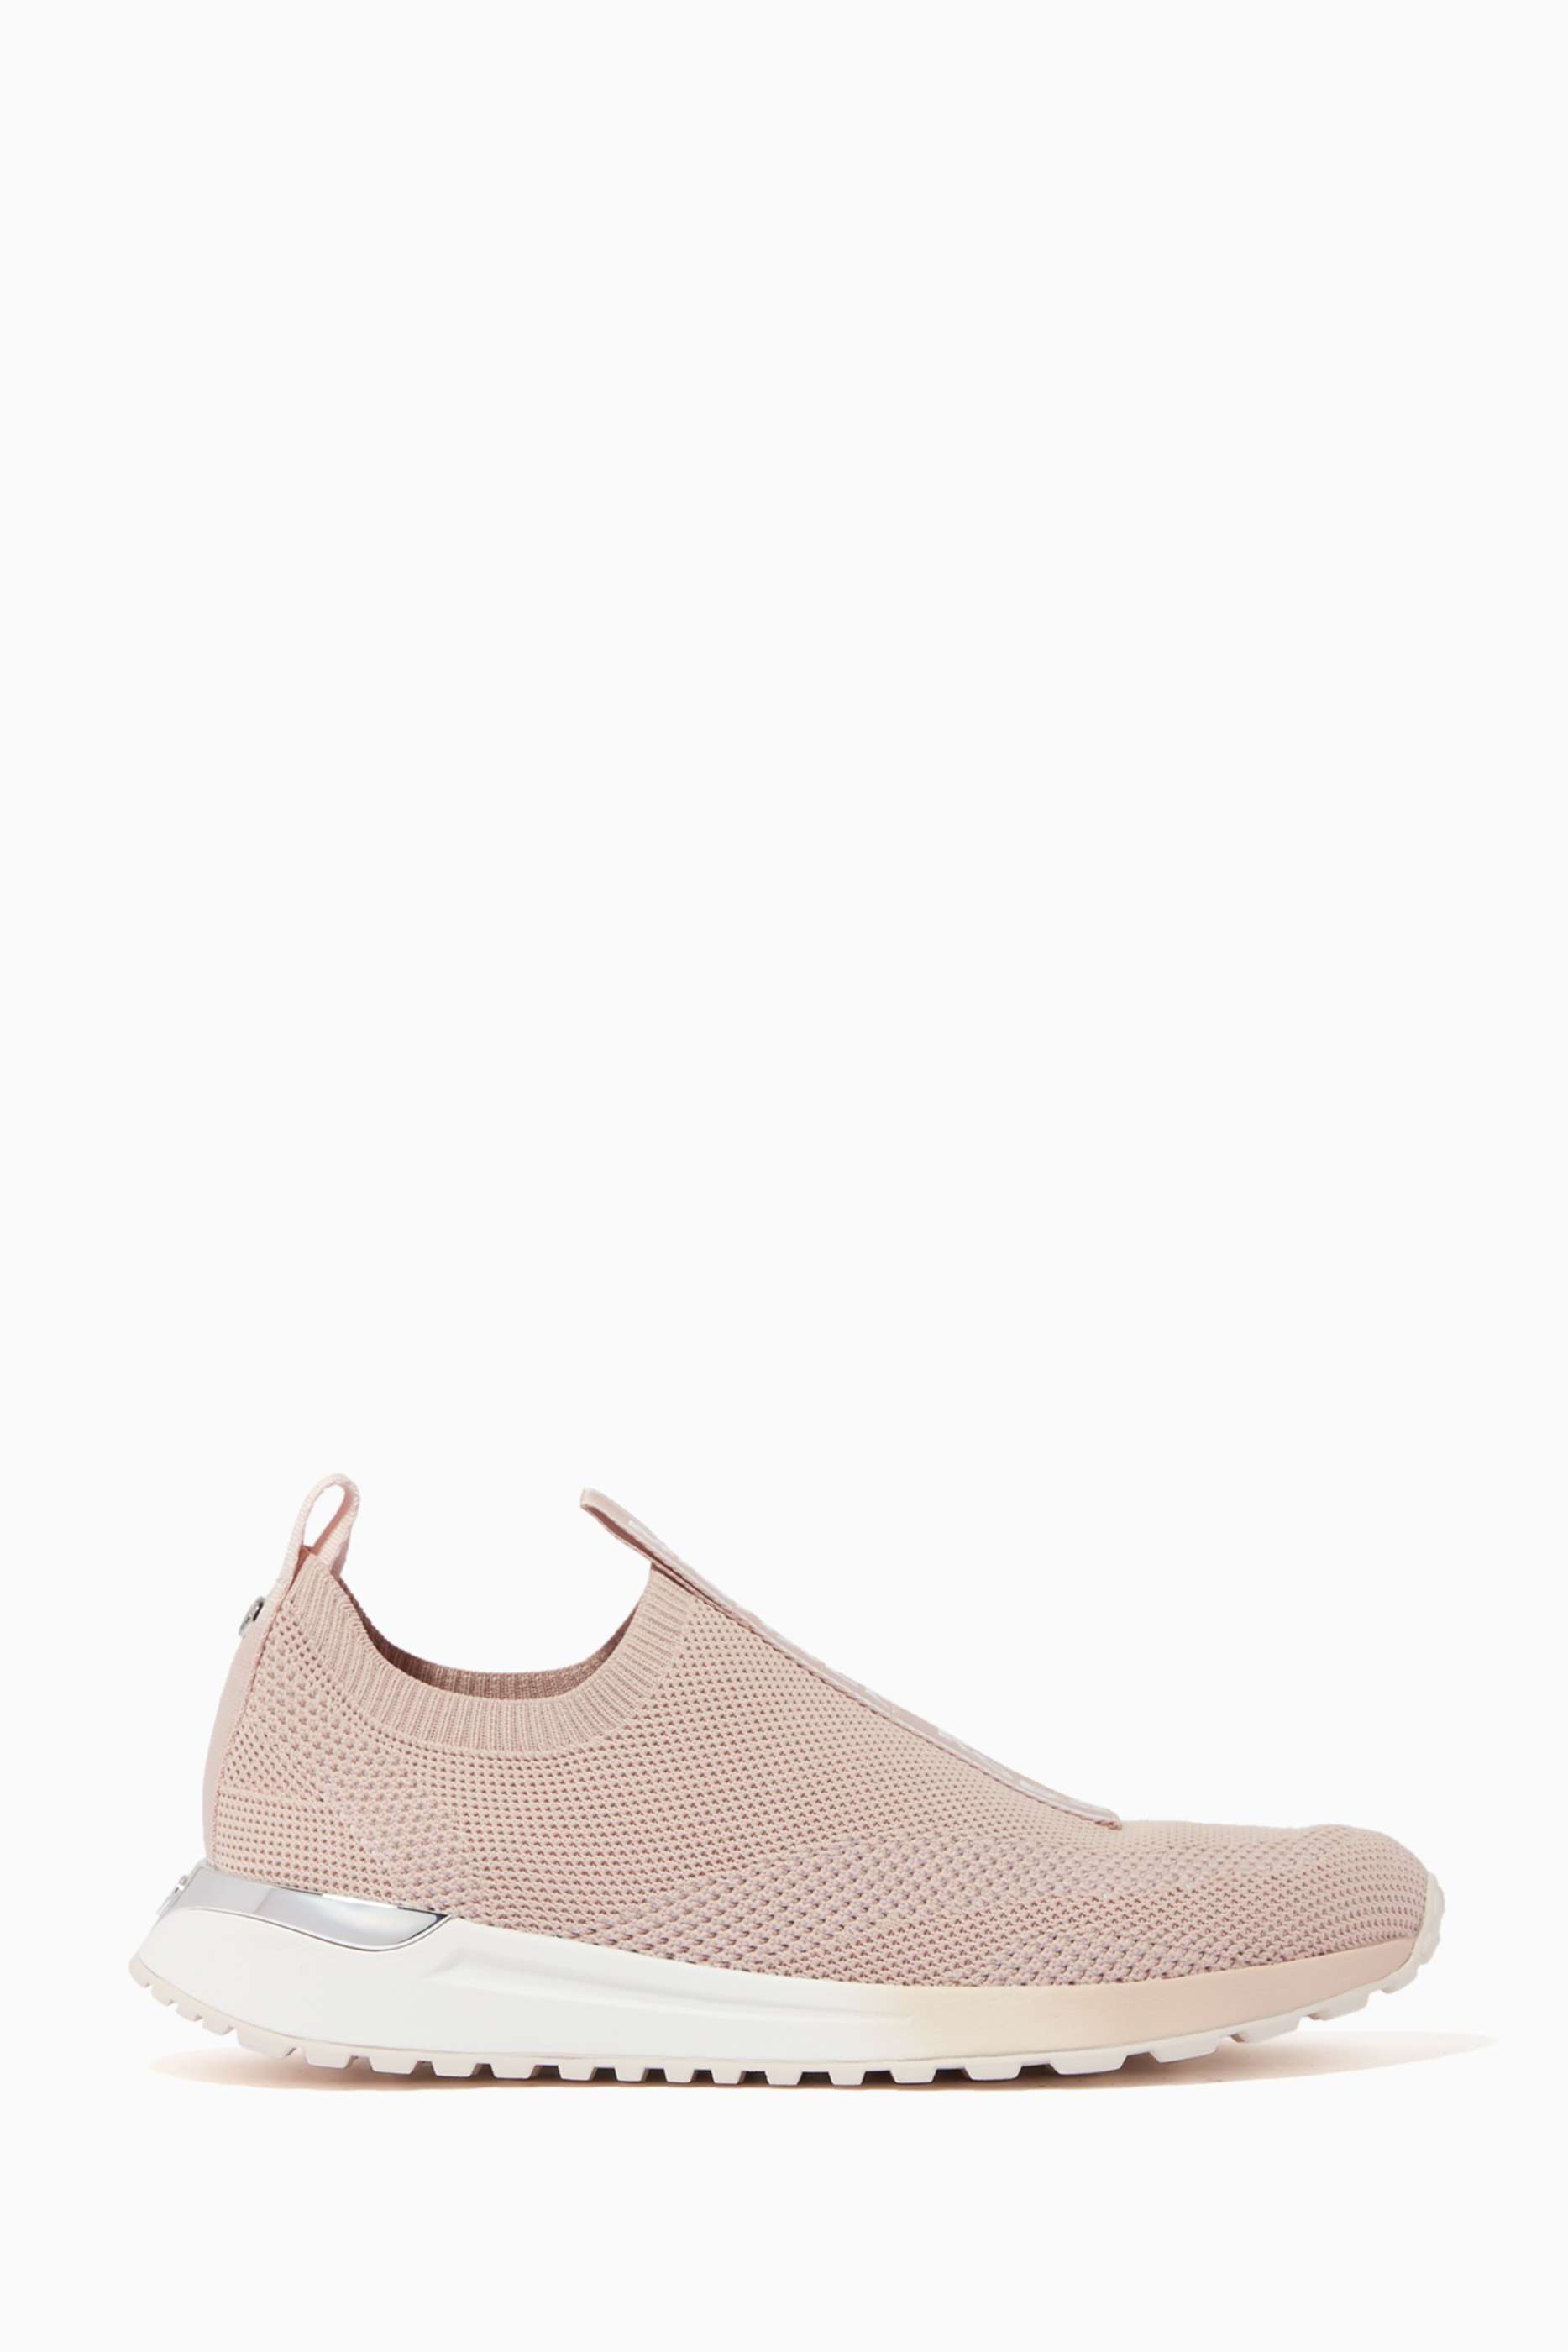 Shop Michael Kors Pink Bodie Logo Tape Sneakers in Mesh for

########################################

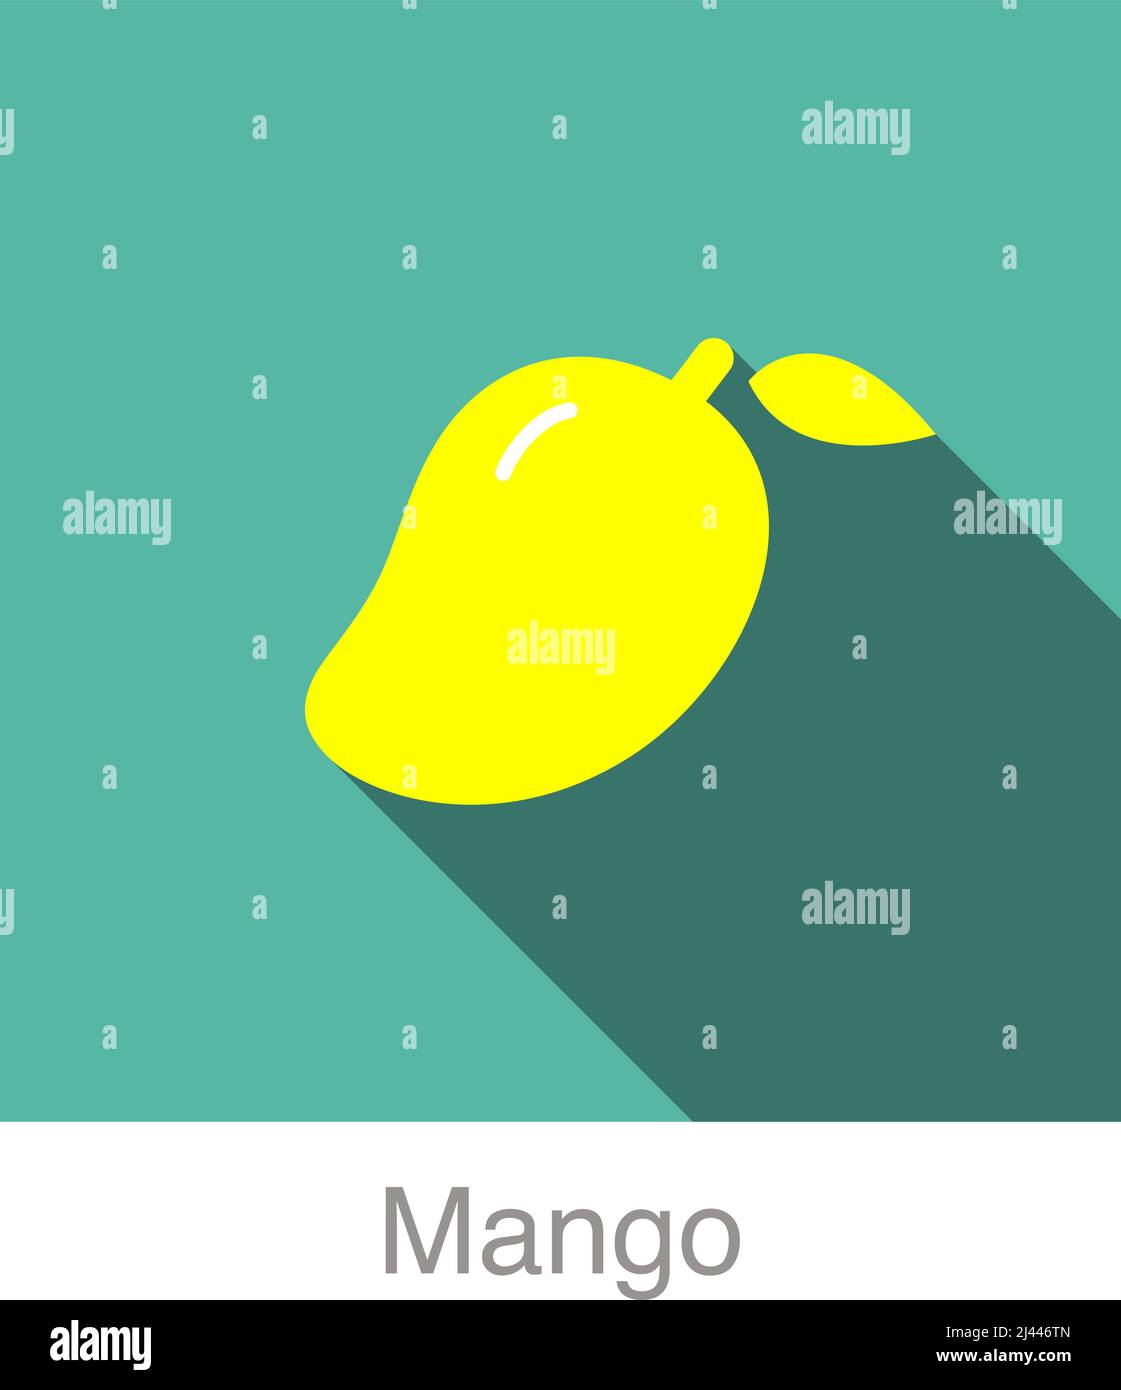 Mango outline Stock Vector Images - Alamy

########################################

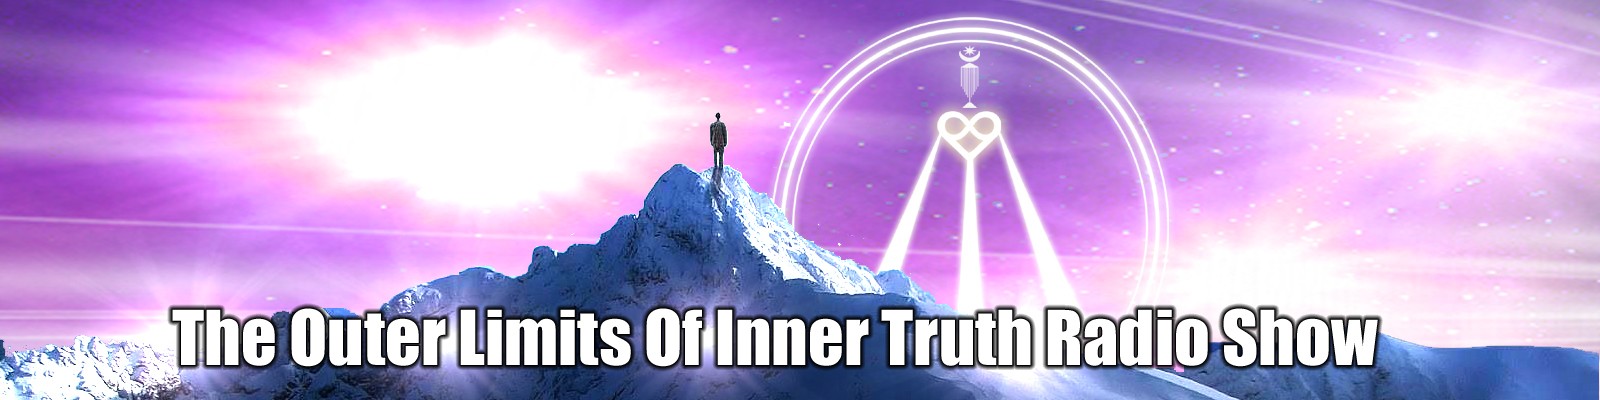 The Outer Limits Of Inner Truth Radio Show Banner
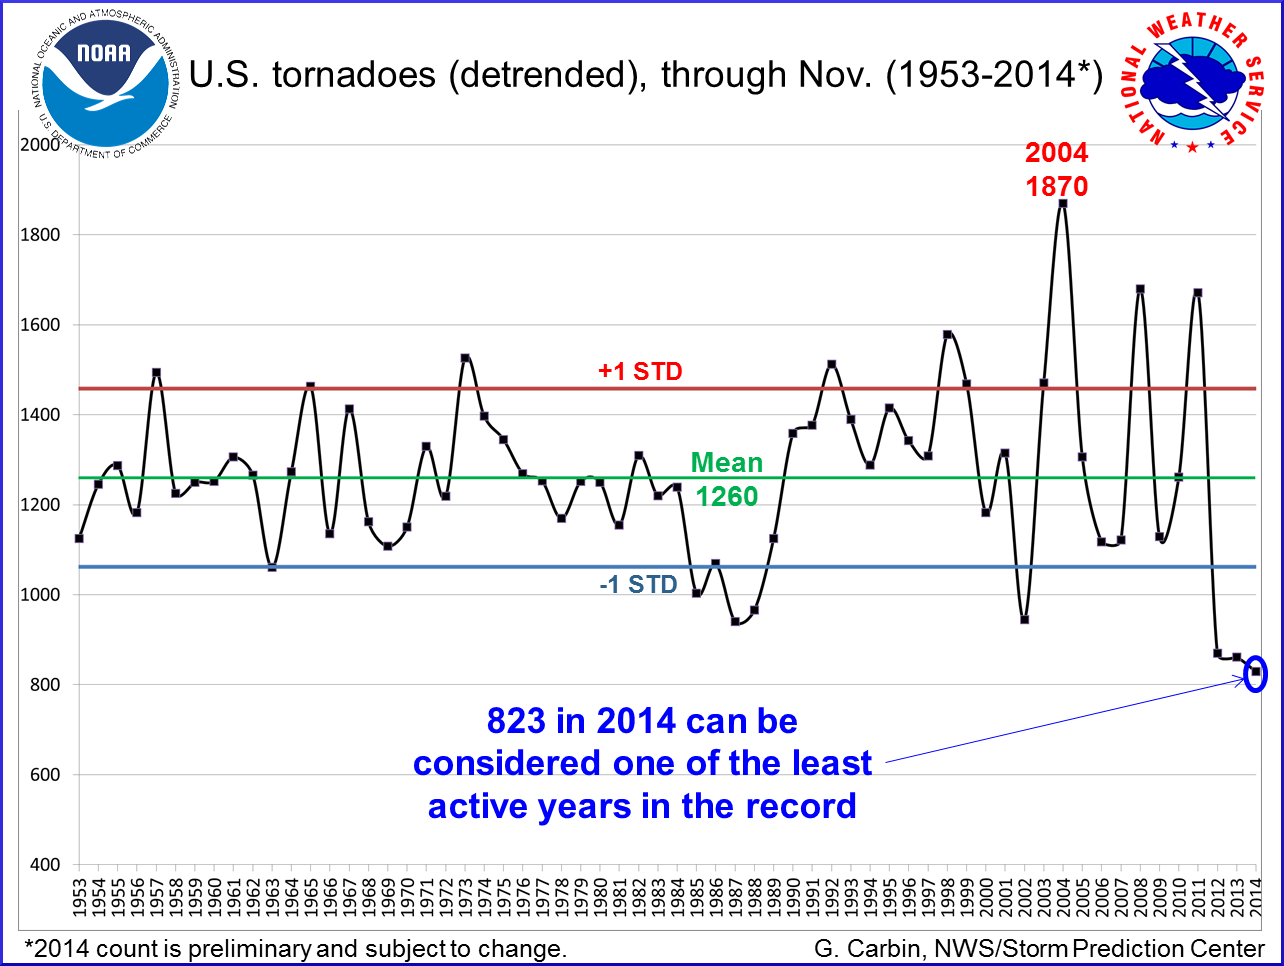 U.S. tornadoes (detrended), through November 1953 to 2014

########################################

### What to work on:
Treat the line with "The Outer Limits" as the start and the line with "U.S. tornadoes (detrended), through" as the end, and return exactly that span of the data above, both ends included, without pictures.

### Exercise solution:
 The Outer Limits Of Inner Truth Radio Show Banner
 U.S. tornadoes (detrended), through November 1953 to 2014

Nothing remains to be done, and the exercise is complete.